Data segment:

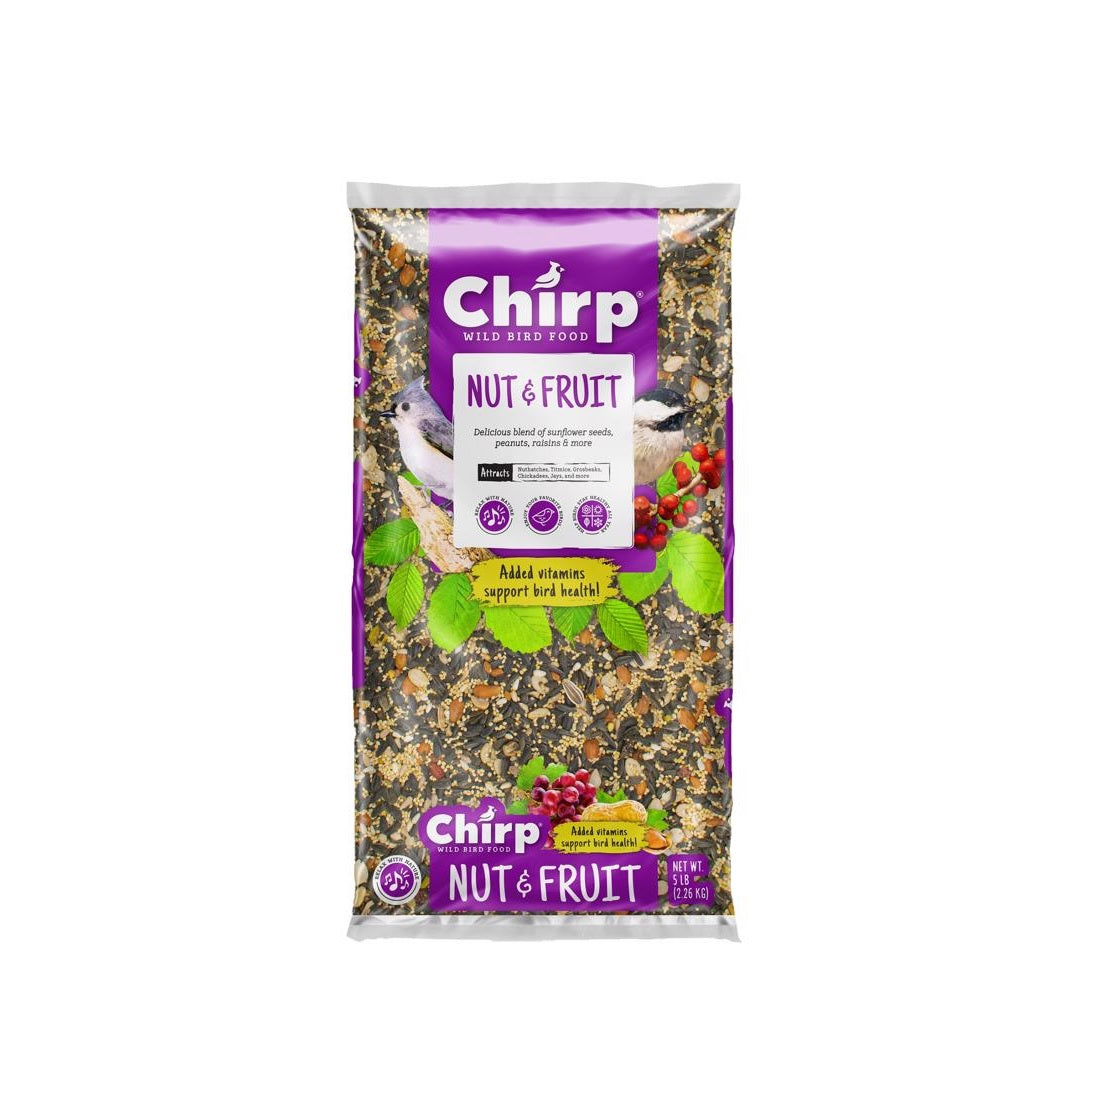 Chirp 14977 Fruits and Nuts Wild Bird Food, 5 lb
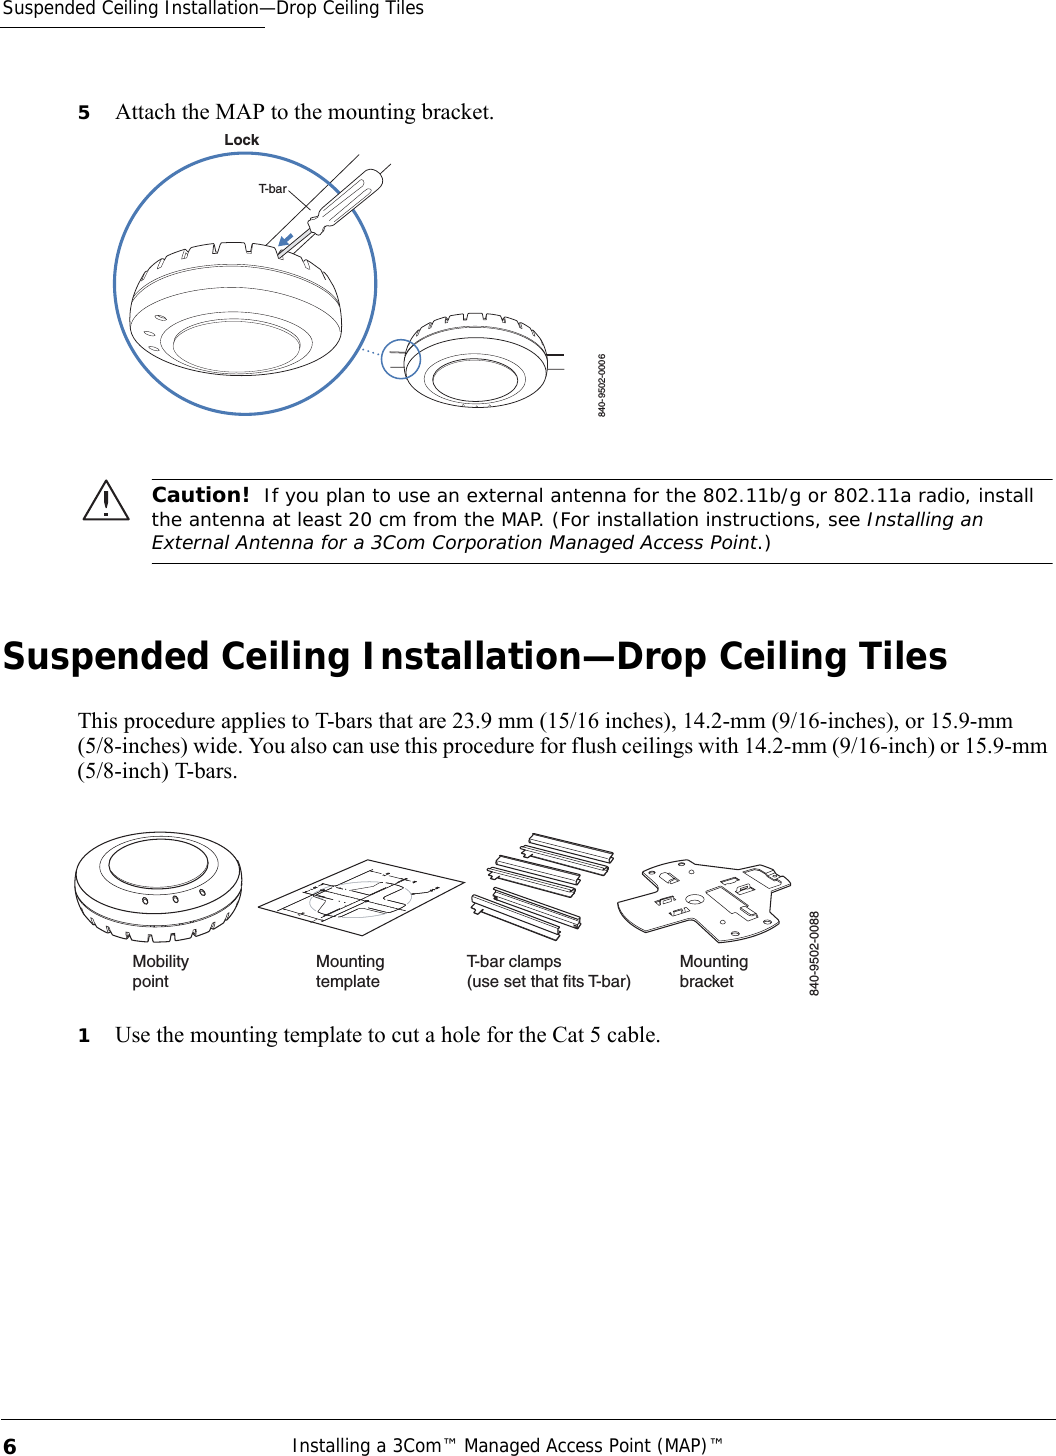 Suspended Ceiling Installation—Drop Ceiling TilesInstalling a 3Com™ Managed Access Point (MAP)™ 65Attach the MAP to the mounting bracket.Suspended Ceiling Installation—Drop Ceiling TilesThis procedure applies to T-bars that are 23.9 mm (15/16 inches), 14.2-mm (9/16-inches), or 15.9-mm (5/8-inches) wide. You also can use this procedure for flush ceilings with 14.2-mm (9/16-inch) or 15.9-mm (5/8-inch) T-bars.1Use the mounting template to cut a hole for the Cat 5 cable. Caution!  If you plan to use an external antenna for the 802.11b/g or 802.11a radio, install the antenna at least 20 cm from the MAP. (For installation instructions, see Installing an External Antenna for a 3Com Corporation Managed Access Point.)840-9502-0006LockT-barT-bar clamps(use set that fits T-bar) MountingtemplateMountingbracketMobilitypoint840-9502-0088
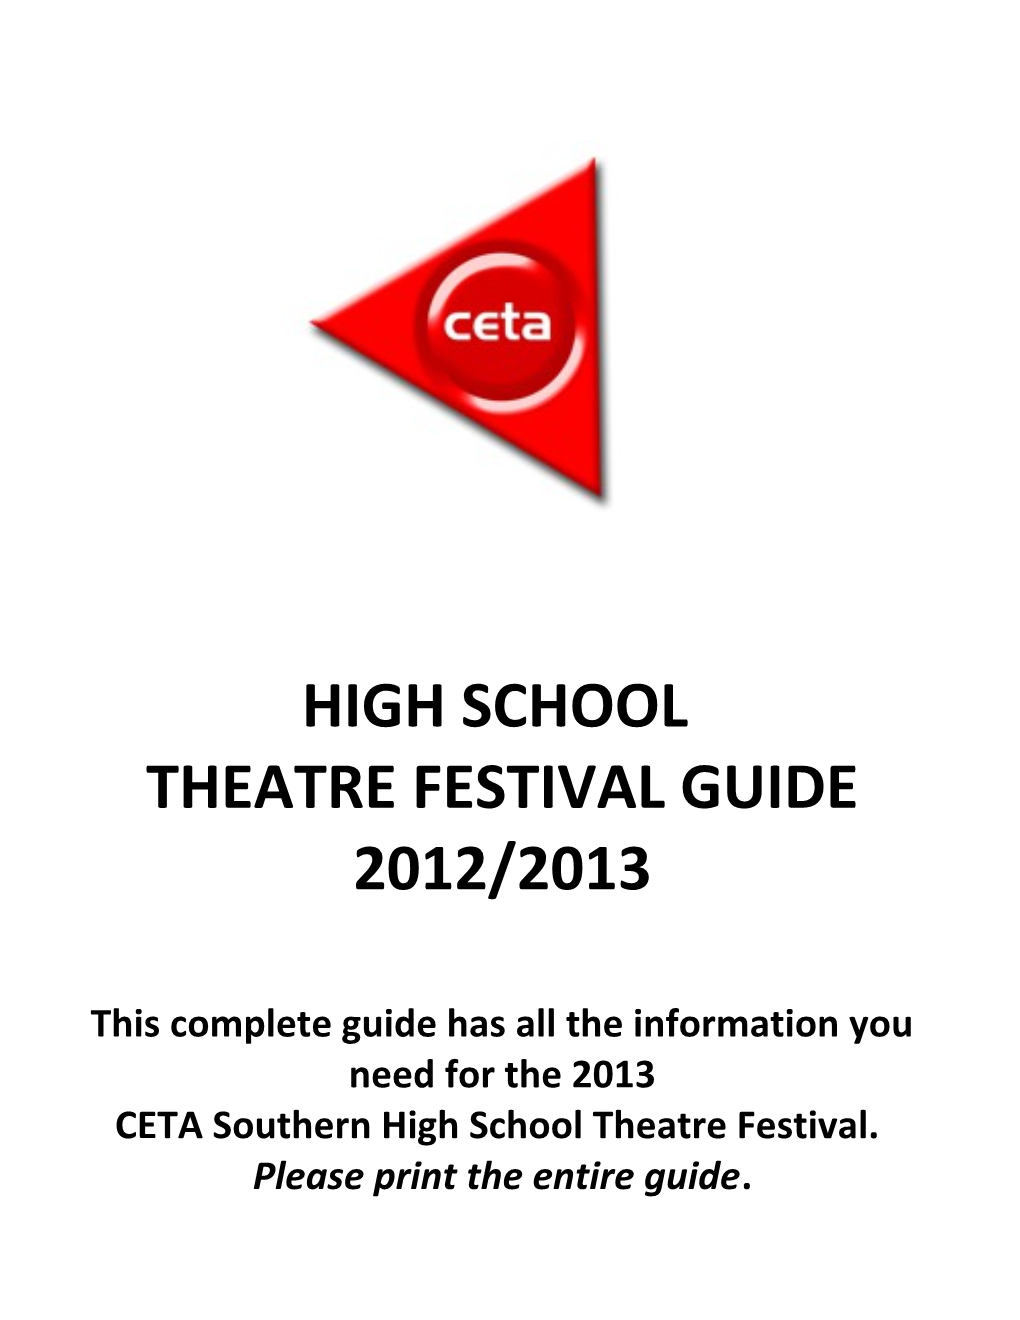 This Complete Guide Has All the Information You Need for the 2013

Try it:
A verbatim retyping of the listing, without any pictures, is the expected answer.

Solution to this exercise:
 Chirp 14977 Fruits and Nuts Wild Bird Food, 5 lb
 Suspended Ceiling Installation—Drop Ceiling TilesInstalling a 3Com™ Managed Access Point (MAP)™ 65Attach the MAP to the mounting bracket.Suspended Ceiling Installation—Drop Ceiling TilesThis procedure applies to T-bars that are 23.9 mm (15/16 inches), 14.2-mm (9/16-inches), or 15.9-mm (5/8-inches) wide. You also can use this procedure for flush ceilings with 14.2-mm (9/16-inch) or 15.9-mm (5/8-inch) T-bars.1Use the mounting template to cut a hole for the Cat 5 cable. Caution!  If you plan to use an external antenna for the 802.11b/g or 802.11a radio, install the antenna at least 20 cm from the MAP. (For installation instructions, see Installing an External Antenna for a 3Com Corporation Managed Access Point.)840-9502-0006LockT-barT-bar clamps(use set that fits T-bar) MountingtemplateMountingbracketMobilitypoint840-9502-0088
 This Complete Guide Has All the Information You Need for the 2013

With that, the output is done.